A market penetration growth strategy is very much about “business as usual”. The company is focusing on markets and products it knows well. Company need to have good information about competitors and about customer needs. This strategy will require much investment in new market research.

Market development growth strategy

Market development refers to a growth strategy where the company seeks to sell/offer its existing products or services into new markets. In other words we can say this is a market expansion strategy for an existing product or brand.

The possible ways of approaching development growth strategy include:

  1. Find a new geographical markets for example exporting the company existing product to a new country
  2. New product dimensions or packaging for a product according to new market requirements
  3. Develop & organize new distribution channels for example a company who is selling its products or brand via retail can move on e-commerce and mail order etc.
  4. Make different pricing policies to attract more customers or to create new market segments

Market development is usually more risky strategy than market penetration because here company need to target new markets.
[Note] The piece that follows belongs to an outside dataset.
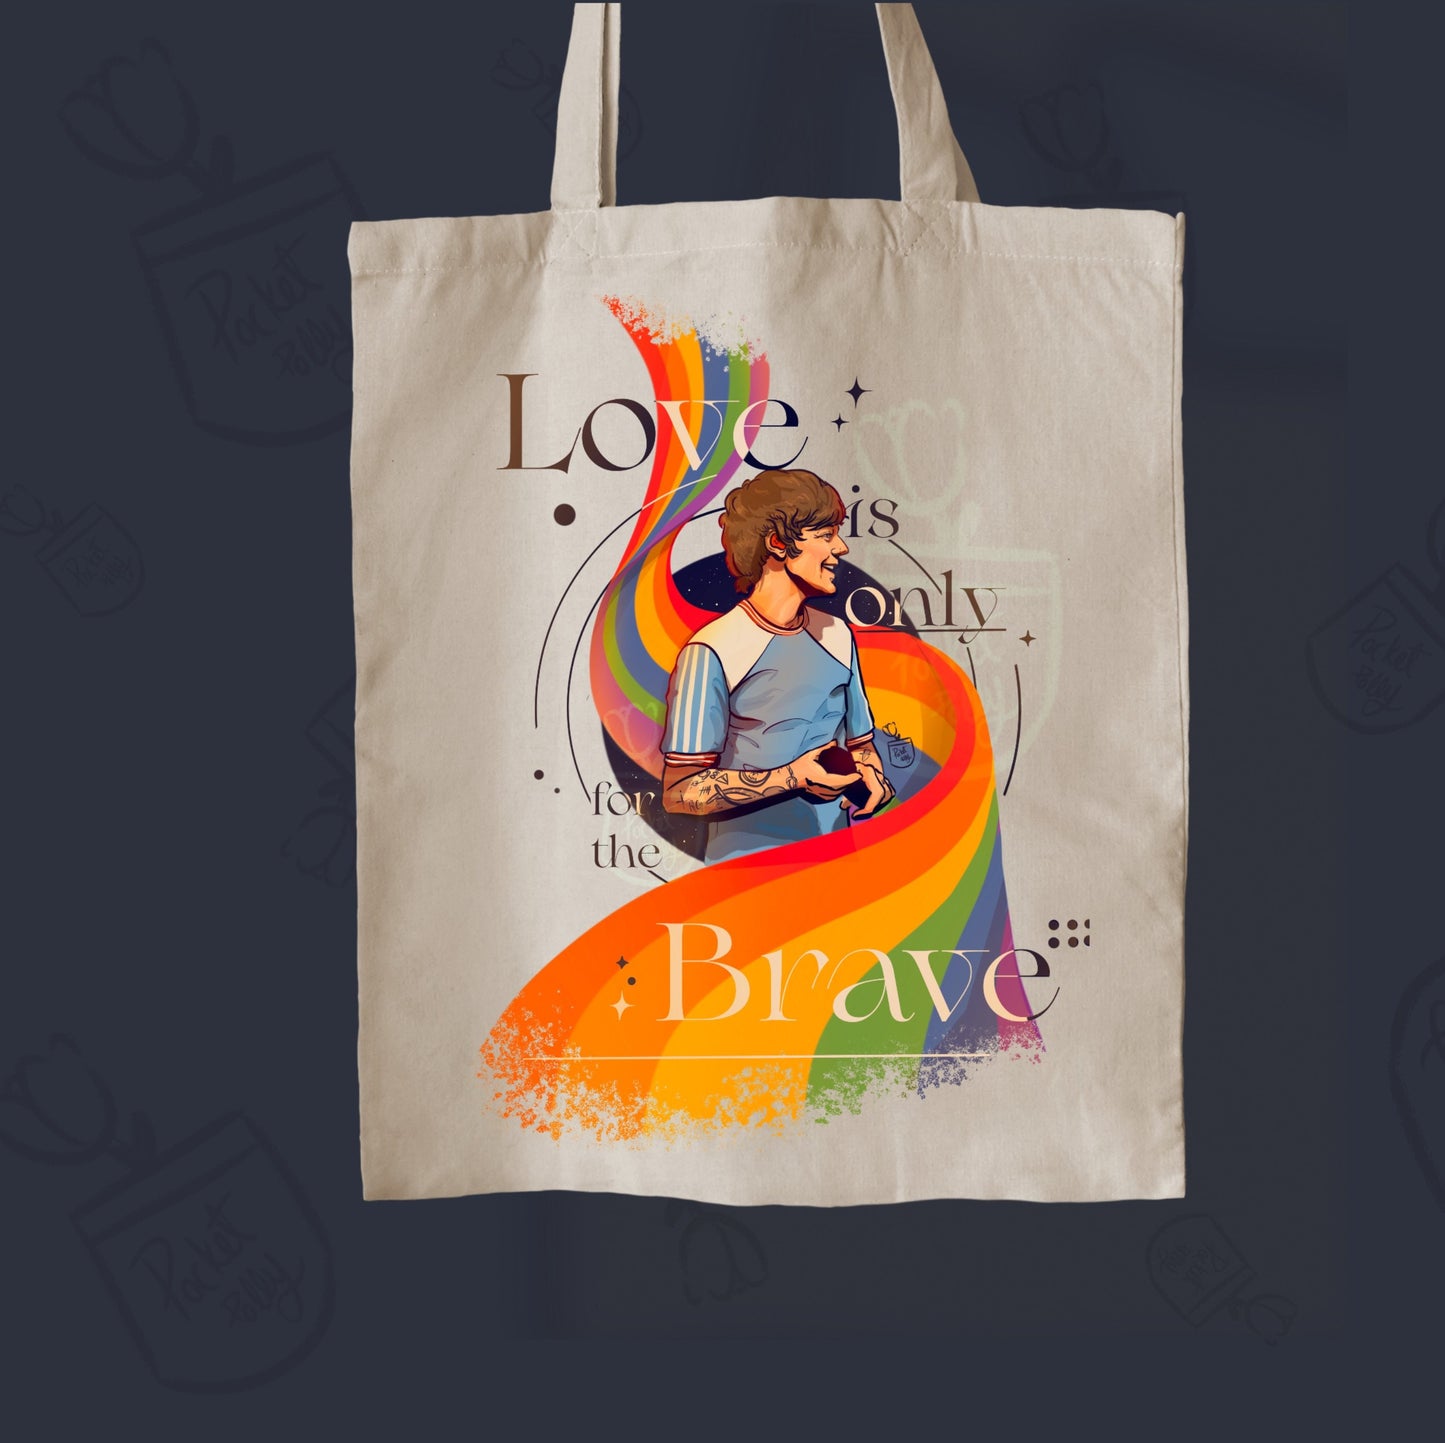 Louis Tomlinson Only the brave tote bag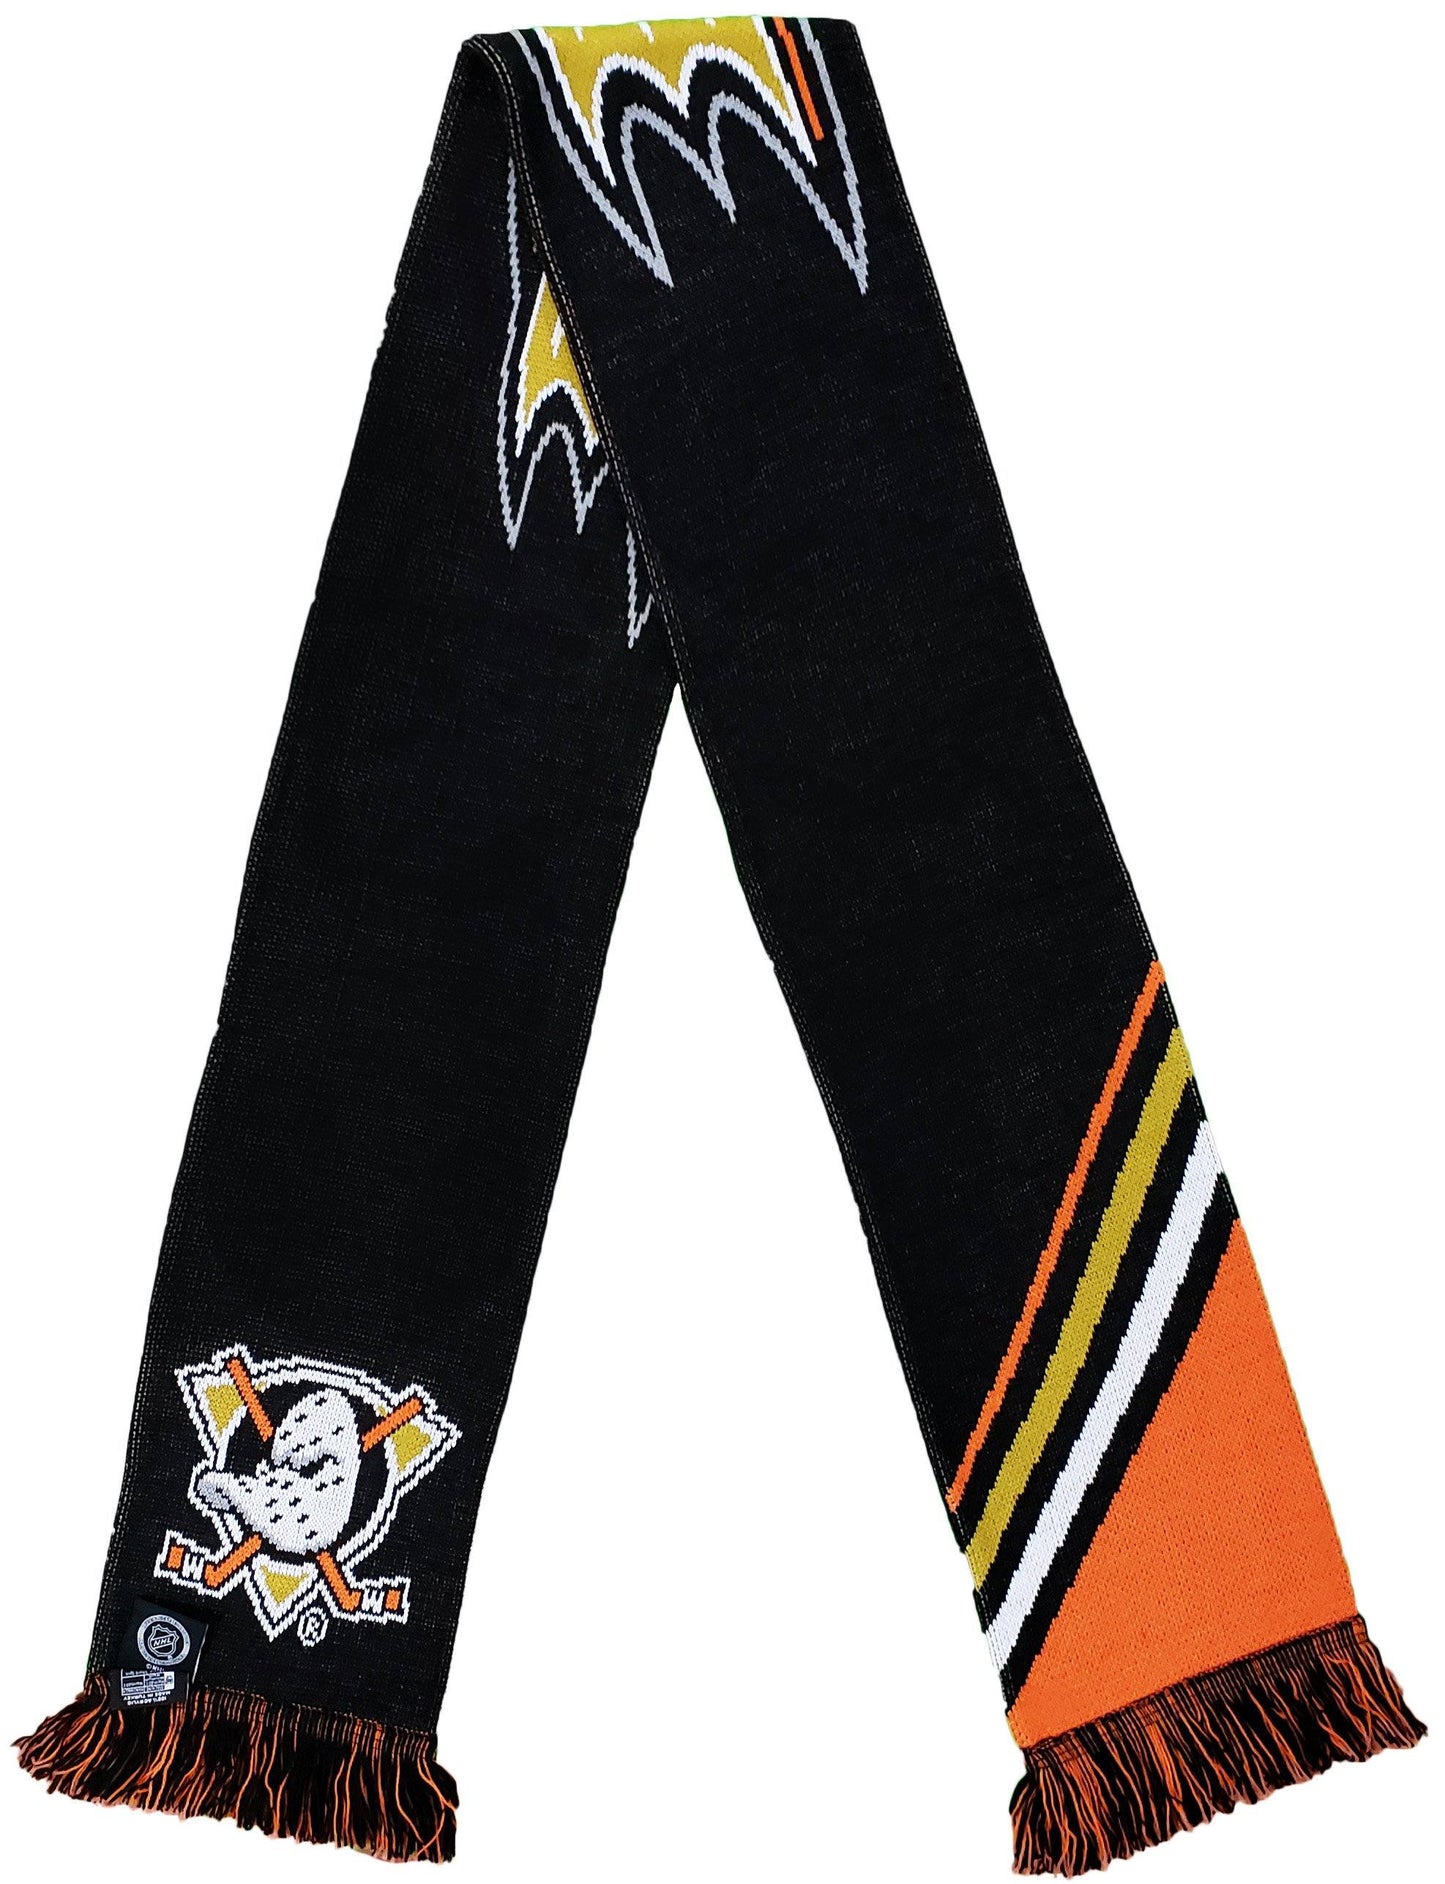 PITTSBURGH PENGUINS SCARF - Home Jersey – Ruffneck Scarves

Product development growth strategy

Product development refers to a growth strategy where a company aims to introduce new or innovative products into existing markets. For this strategy a company may require the development of new competencies as well as to develop modified products which can appeal to existing markets. A company which wants to differentiate its product to remain competitive can use the strategy of product development.

Marketing emphasis of successful product development strategy is on:

  1. Research & development about the product and make innovation in products
  2. Company should have deep concern with customer needs, change in customer need and how company will satisfied their changing needs
  3. Being first to market (new product or modification)

Diversification growth strategy

In this type of strategy a company or a business usually introduces new products & brand in new market. There may be some sort of risk in diversification growth strategy because the business or company may have not such experience.

Before adopting the diversification growth strategy it is necessary for a company that it must have a clear idea which is being expected from this strategy. Risks should also be kept in mind before adopting this strategy.